Two American dragsters which featured prominently in those nascent years are being shipped once more across the Atlantic. Reflecting the drag race tradition of naming rather than numbering cars, Mooneyes and Dos Palmas will enjoy starring roles at Dragstalgia.

The American pair will be joined by Sydney Allard’s original British dragster, the Allard-Chrysler, on a rare outing from its present home, the National Motor Museum at Beaulieu, for a unique reunion of cars that were truly ‘in at the birth’.

In 1964, the British sportscar manufacturer, racer and rally driver Sydney Allard had joined forces with Wally Parks, president of America’s National Hot Rod Association, to bring leading US drag racing stars to race on airfield sites across Britain. Blessed with fine weather, the 1st British International Drag Festival was a resounding success and drew plentiful crowds.

One year earlier, word had reached America that Allard had built a dragster, Britain’s first. A Las Vegas speed shop owner and racer known as ‘Dante’ Duce challenged Allard to a race on British soil. An industrialist, Dean Moon, offered Duce the use of his dragster, and Mooneyes was shipped to Britain to undertake the challenge. A second American, Mickey Thompson, arrived unexpectedly and the trio competed at the Brighton Speed Trials and on airfield runways. The venture’s success impelled the Allard-Parks partnership to create the 1964 Festival.

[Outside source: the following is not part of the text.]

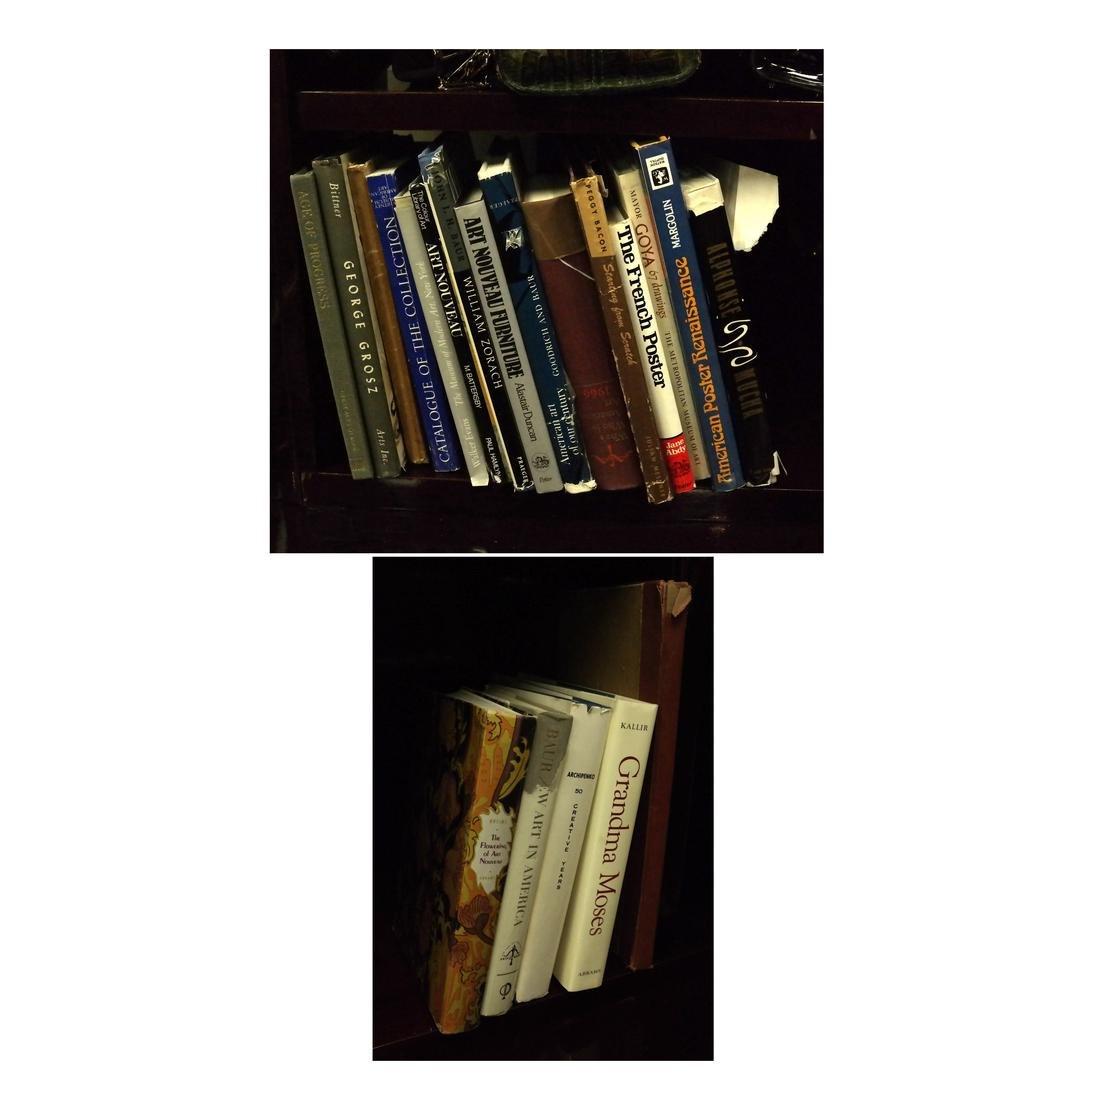 19 Books, American and European Fine Art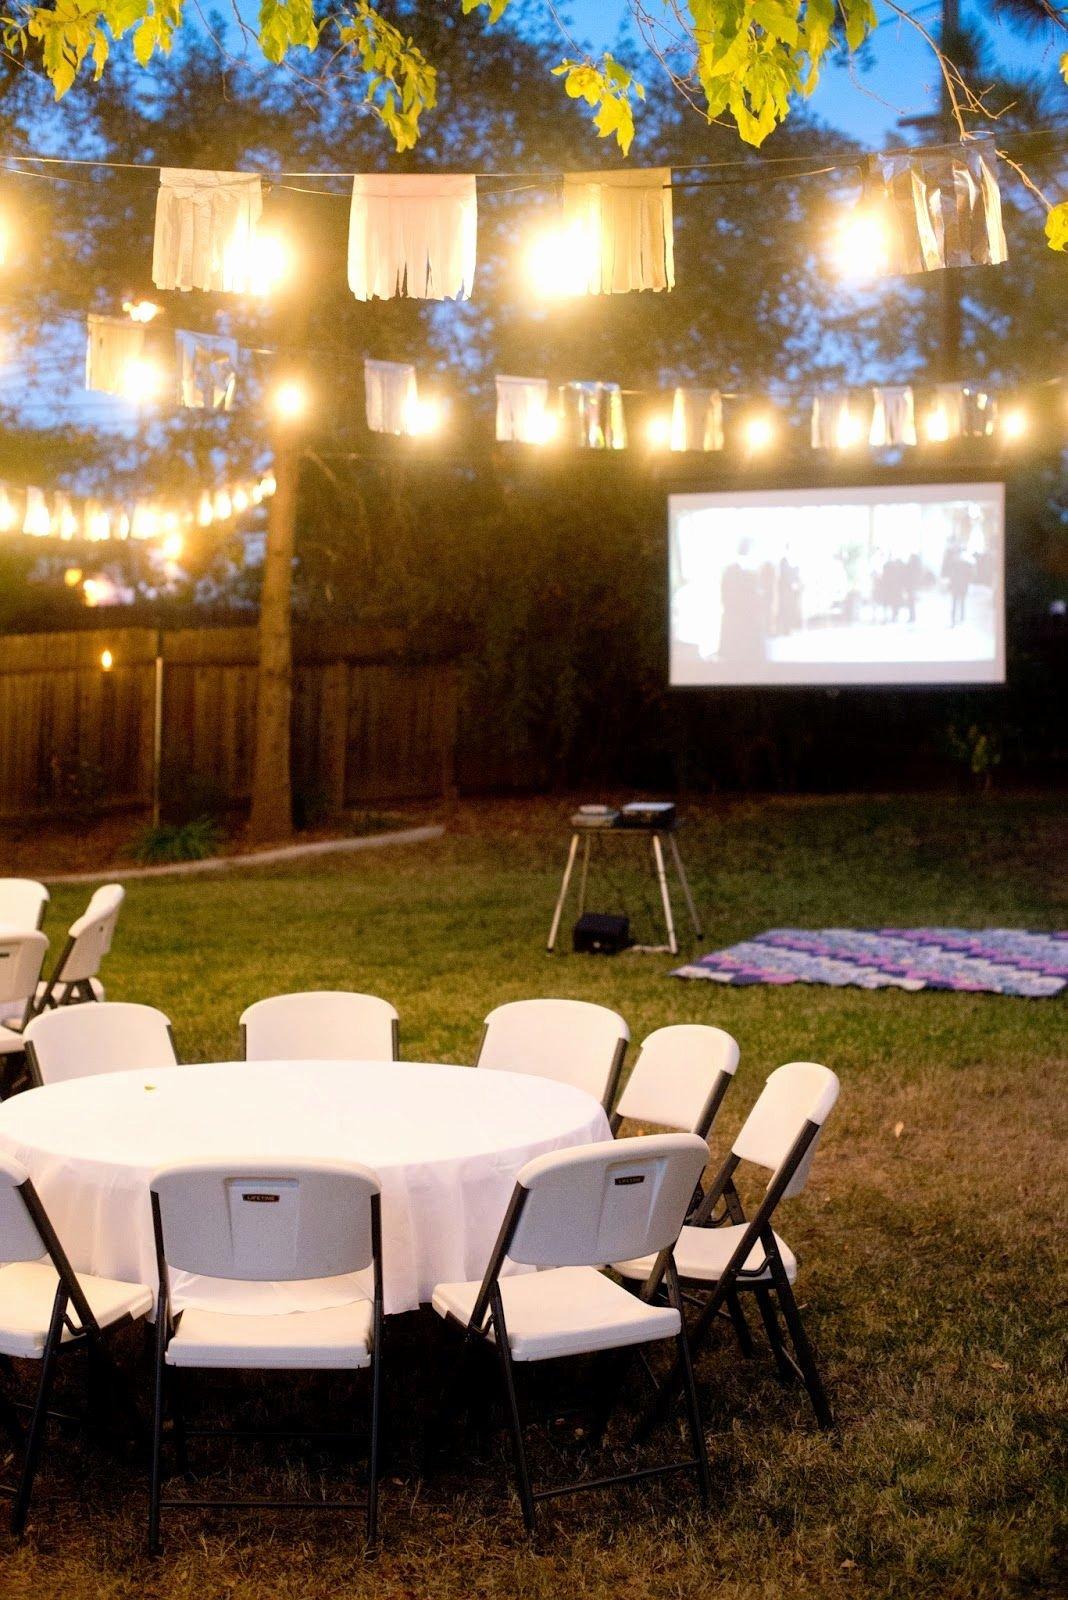 Backyard Birthday Decoration Ideas Unique Fall Backyard Birthday Party and Movie Night

2024’s Mooneyes is a faithful replica of the 1963 original, now housed in a US museum. Its methanol-burning engine is a 350-cubic-inch/5.7-litre Chevrolet V8 boosted by a front-mounted Potvin supercharger, a relic of the era. The car’s 96-inch-wheelbase chassis was built by Dode Martin of the Dragmaster company who constructed the original model. It’s expected that Mooneyes will be fired up during Dragstalgia and may perform burnouts. Today the Mooneyes Speed Equipment & Custom Accessories company is headquartered in Tokyo and Los Angeles and owners Shige Suganuma and Chico Kodama will attend Dragstalgia.

Dos Palmas, on the other hand, is the original vehicle. The Goodnight/Keith/Williamson Dos Palmas Machine Special has a chassis built by early drag racing legend Tommy Ivo and was brought to England for both the 1964 and 1965 Festivals and driven by Bob Keith. Bought thereafter by a British consortium, the car was then acquired by a US Air Force serviceman, Bill Weichelt, who campaigned it at Santa Pod during the early 1970s under a new name, Asmodeus. Posted back to the USA, Weichelt took the car with him and it vanished from sight for 40 years.

Another figure of recent legend, the championship-winning NASCAR crew chief Ray Evernham, found the car and restored it to perfect working condition under its original name before selling it to a fresh British consortium under whose auspices Dos Palmas will take pride of place at Dragstalgia.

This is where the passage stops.